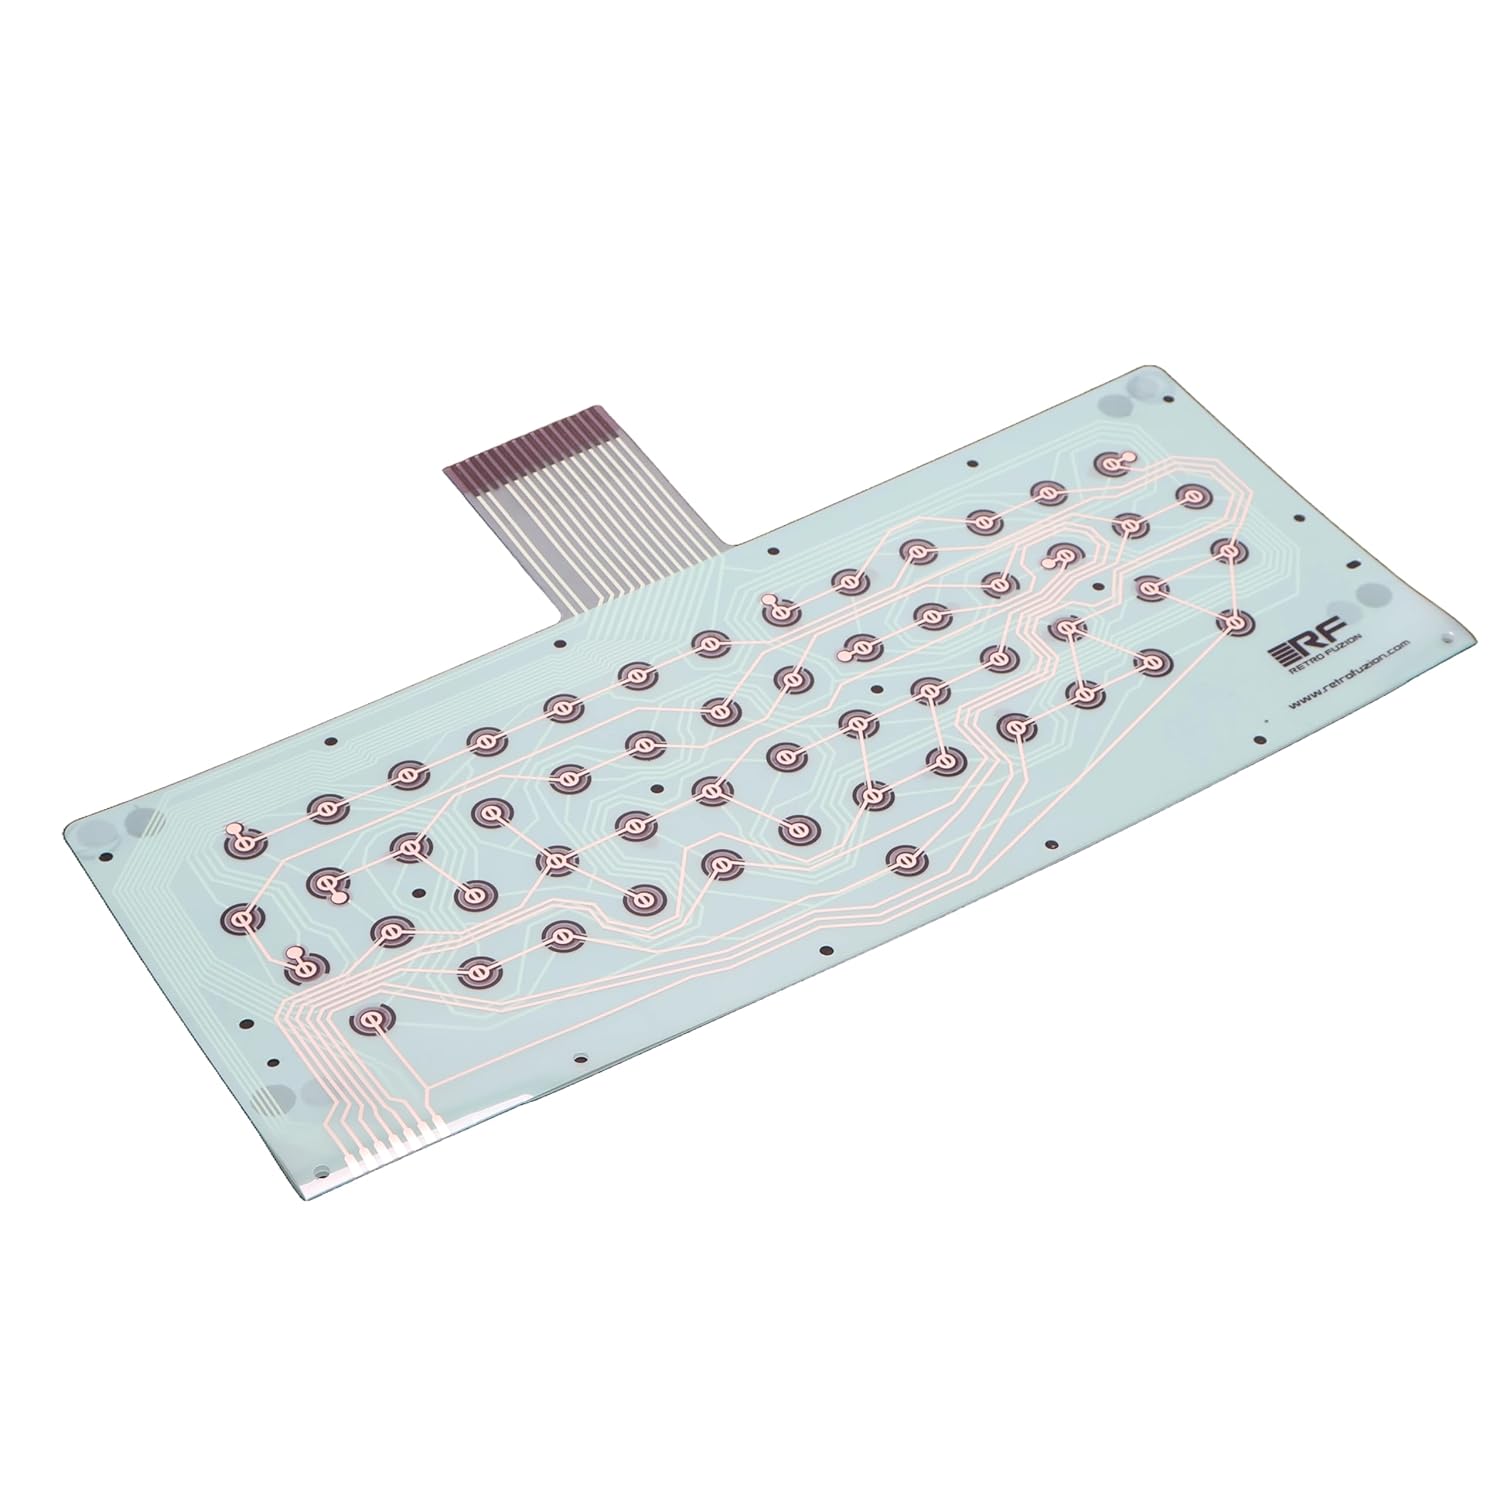 TRS80 CoCo II Keyboard Membrane
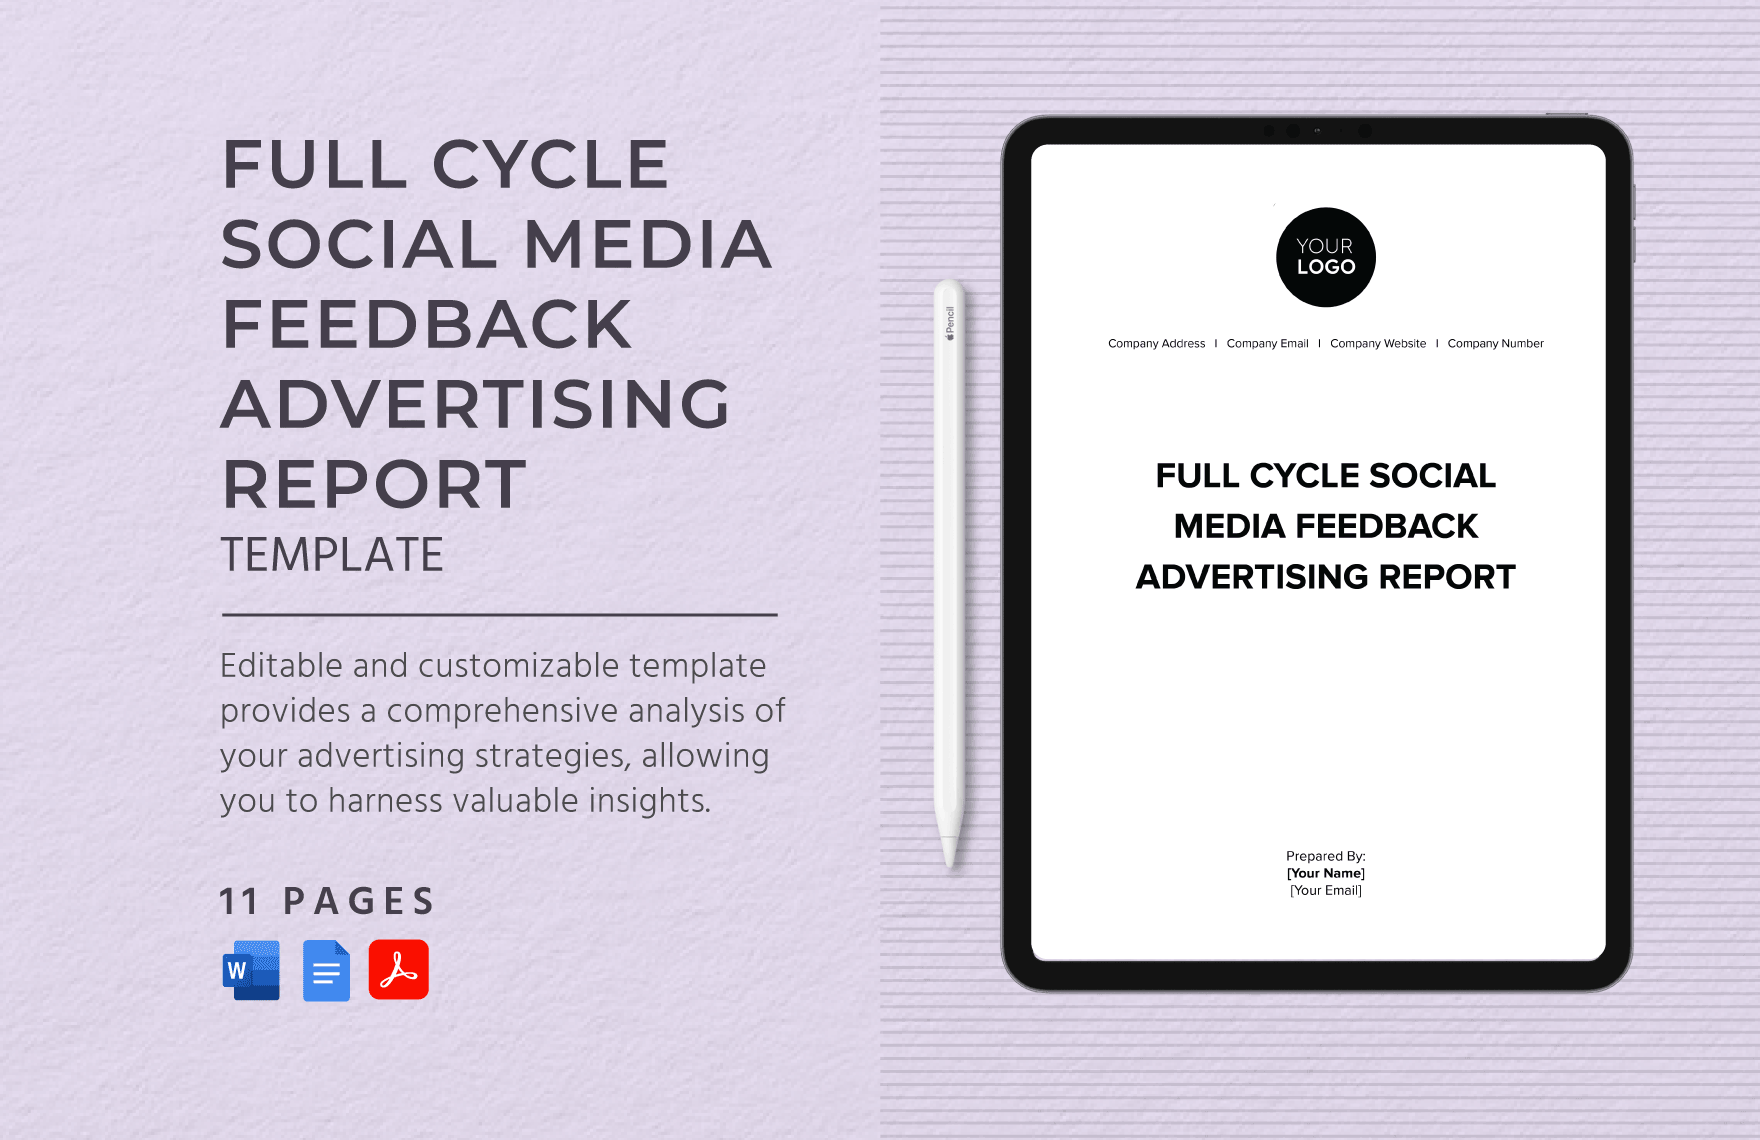 Full Cycle Social Media Feedback Advertising Report Template
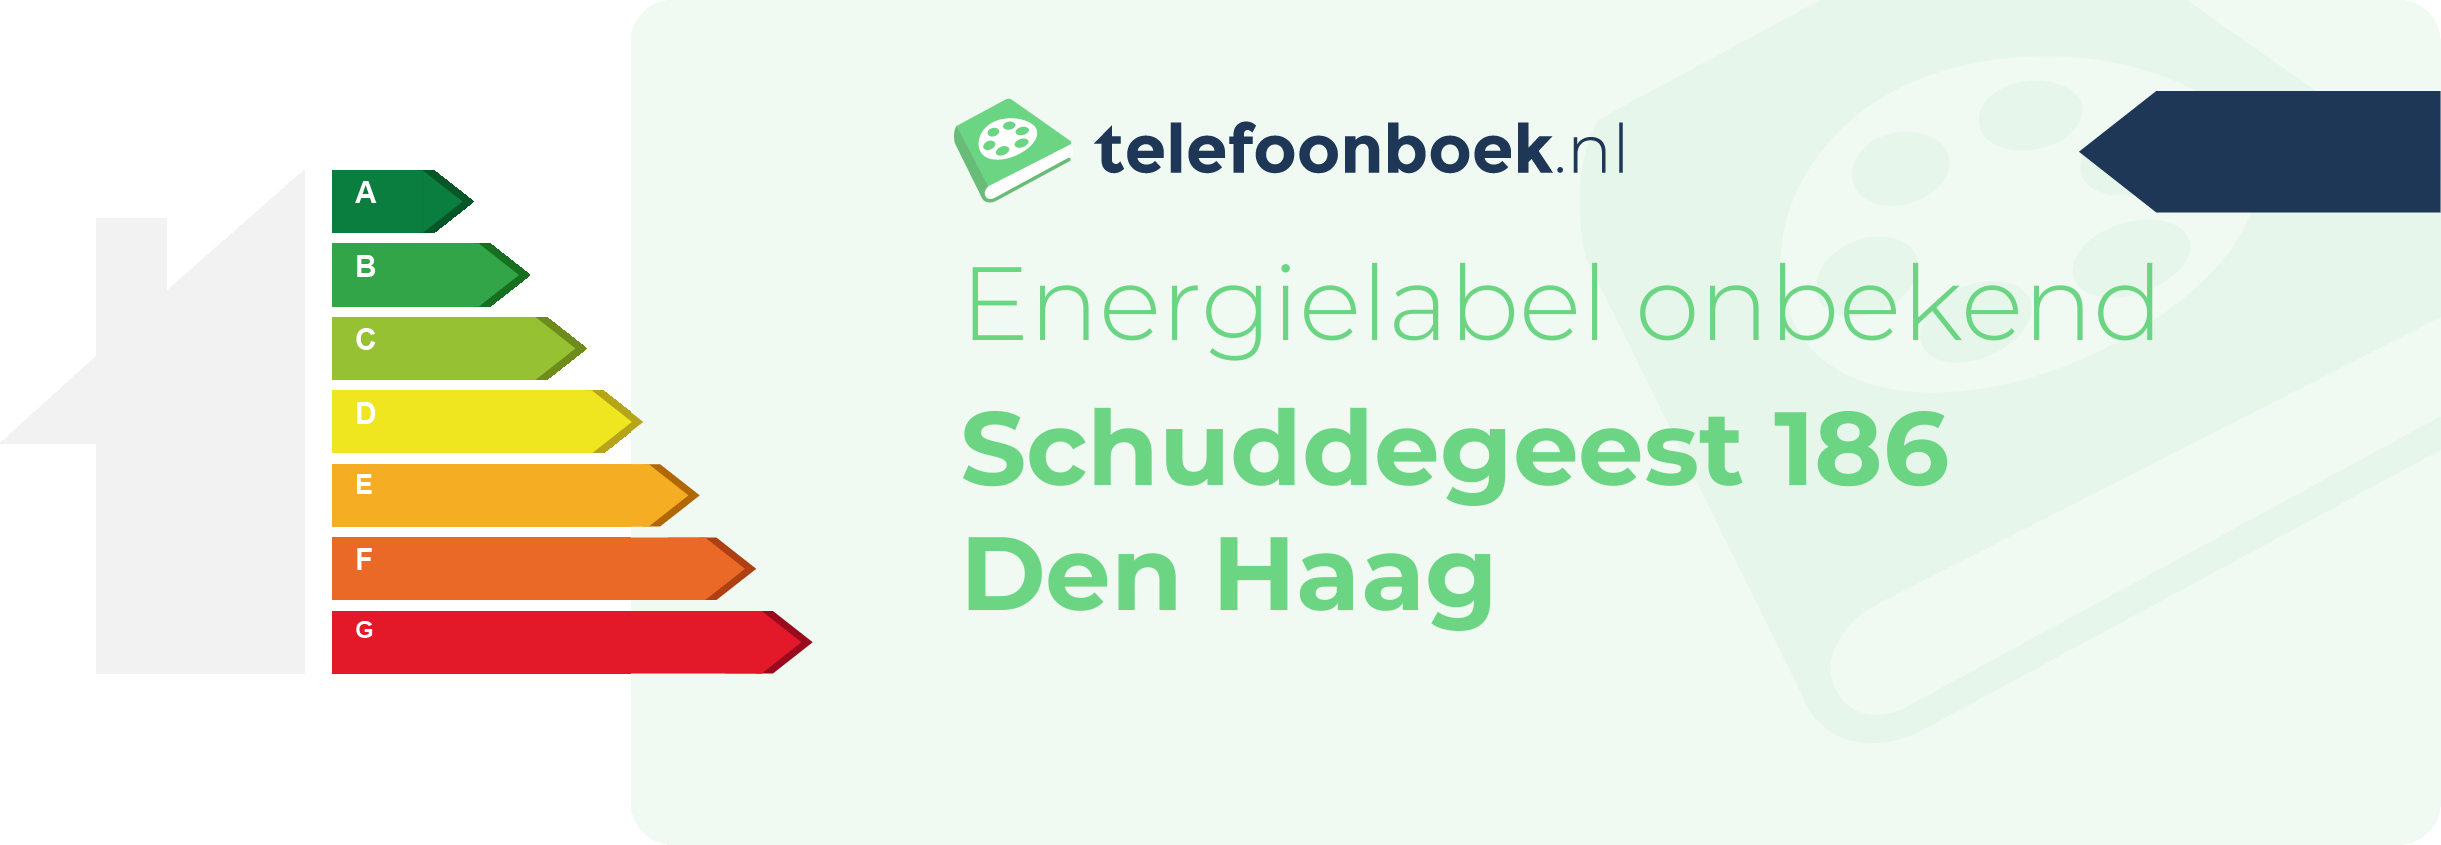 Energielabel Schuddegeest 186 Den Haag

■ **EXERCISE REQUIREMENTS**:
Print only the lines running from the one containing "Full Cycle Social" to the end of the data above, exactly; include no pictures.

■ **SOLUTION TO THIS PROBLEM**:
 Full Cycle Social Media Feedback Advertising Report Template
 Energielabel Schuddegeest 186 Den Haag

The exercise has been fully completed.